Release Date: April 24th, 2018

Trigger Warnings: death, murder, abuse, PTSD, grief, the death of a parent, isolation, betrayal, mentions of domestic abuse 

Pages: 432

Publisher: Pan Macmillian Australia 

Genre: fantasy, high fantasy, romance, young adult, dark 

Goodreads blurb:

Theodosia was six when her country was invaded and her mother, the Fire Queen, was murdered before her eyes. On that day, the Kaiser took Theodosia’s family, her land, and her name. Theo was crowned Ash Princess–a title of shame to bear in her new life as a prisoner.

For ten years Theo has been a captive in her own palace. She’s endured the relentless abuse and ridicule of the Kaiser and his court. She is powerless, surviving in her new world only by burying the girl she was deep inside.

Then, one night, the Kaiser forces her to do the unthinkable. With blood on her hands and all hope of reclaiming her throne lost, she realizes that surviving is no longer enough. But she does have a weapon: her mind is sharper than any sword. And power isn’t always won on the battlefield.

For ten years, the Ash Princess has seen her land pillaged and her people enslaved. That all ends here.



You’ve read books like Ash Princess before. The story is not unique, you’ve probably read the story of a girl losing her kingdom and fighting for it back countless times. I’m a bit of a sucker for a lost princess storyline, in this case, I felt Ash Princess hit every single heartstring I had.

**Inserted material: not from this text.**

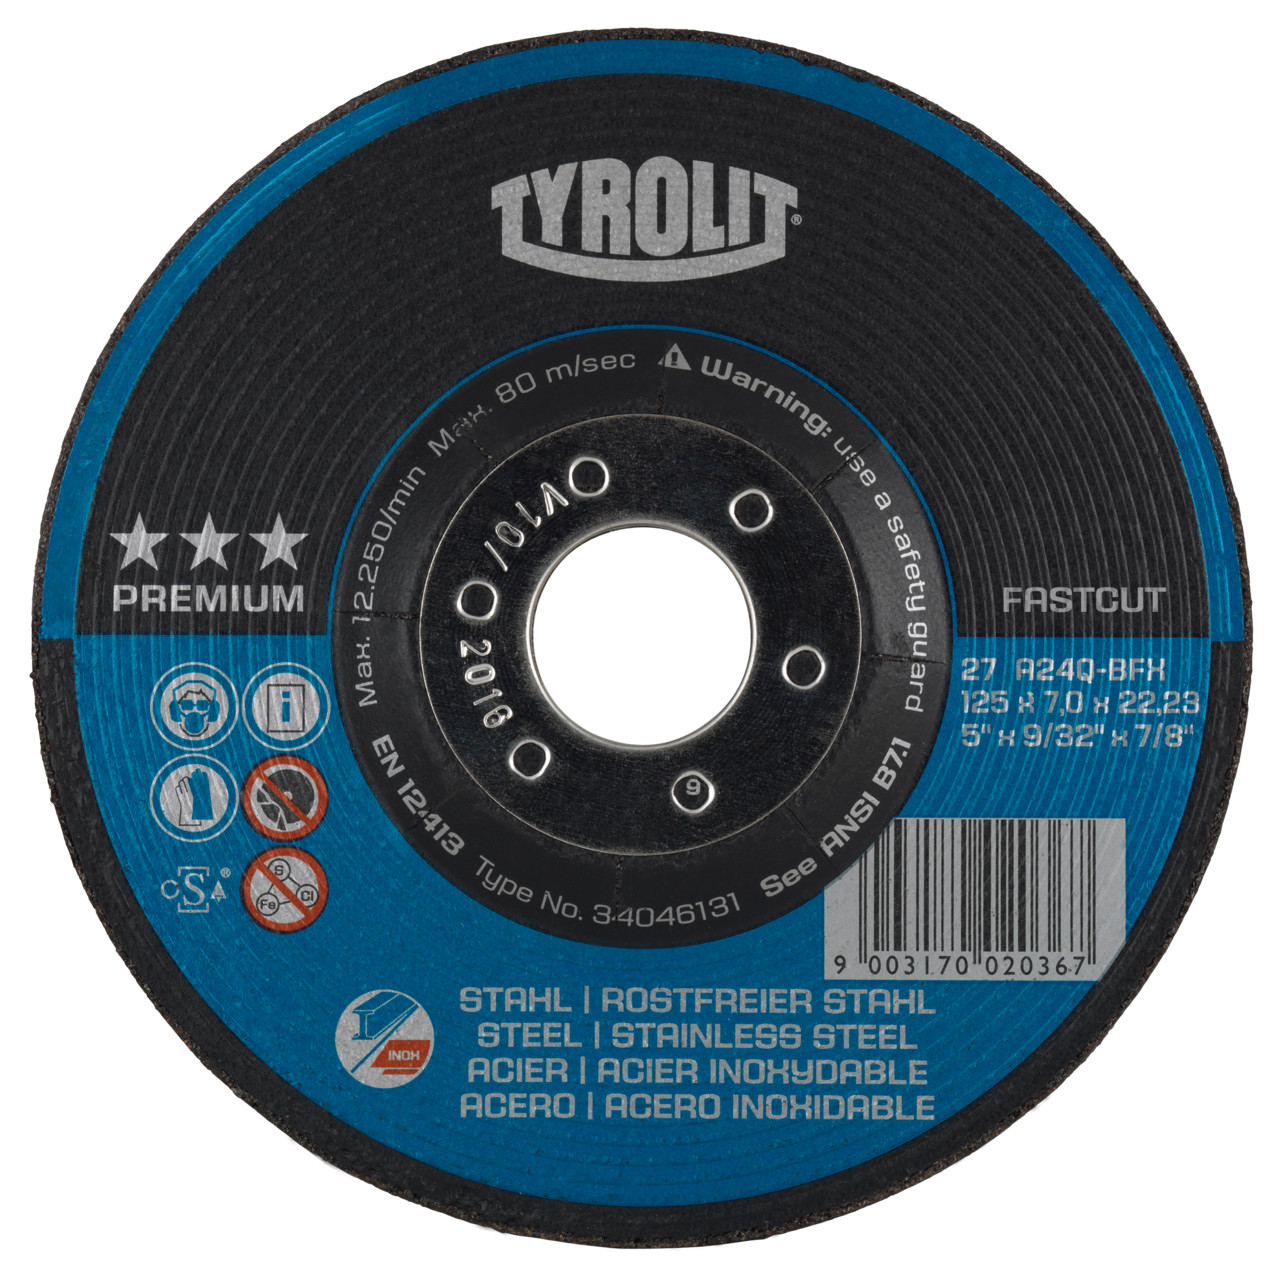 TYROLIT grinding wheel DxUxH 115x7x22.23 FASTCUT for steel and stainless steel, shape: 27 - offset version, Art. 5293

I was in love with the writing of this book.

I feel as if Laura Sebastian wasn’t afraid to dive into the nitty-gritty, such as including the representation of PTSD. I’ve spoken about this a few times, but I have PTSD and any representation I can find in a text is important to me. Sebastian, in my opinion, writes Theo’s PTSD flawlessly into the book. It doesn’t feel as if it is being used as a plot point in order to drive the story home, it is seamlessly ingrained into who Theo is. For a debut novel, Ash Princess read extremely well. It was a memorable book for me and one that I know I want to read more of, especially with the ending.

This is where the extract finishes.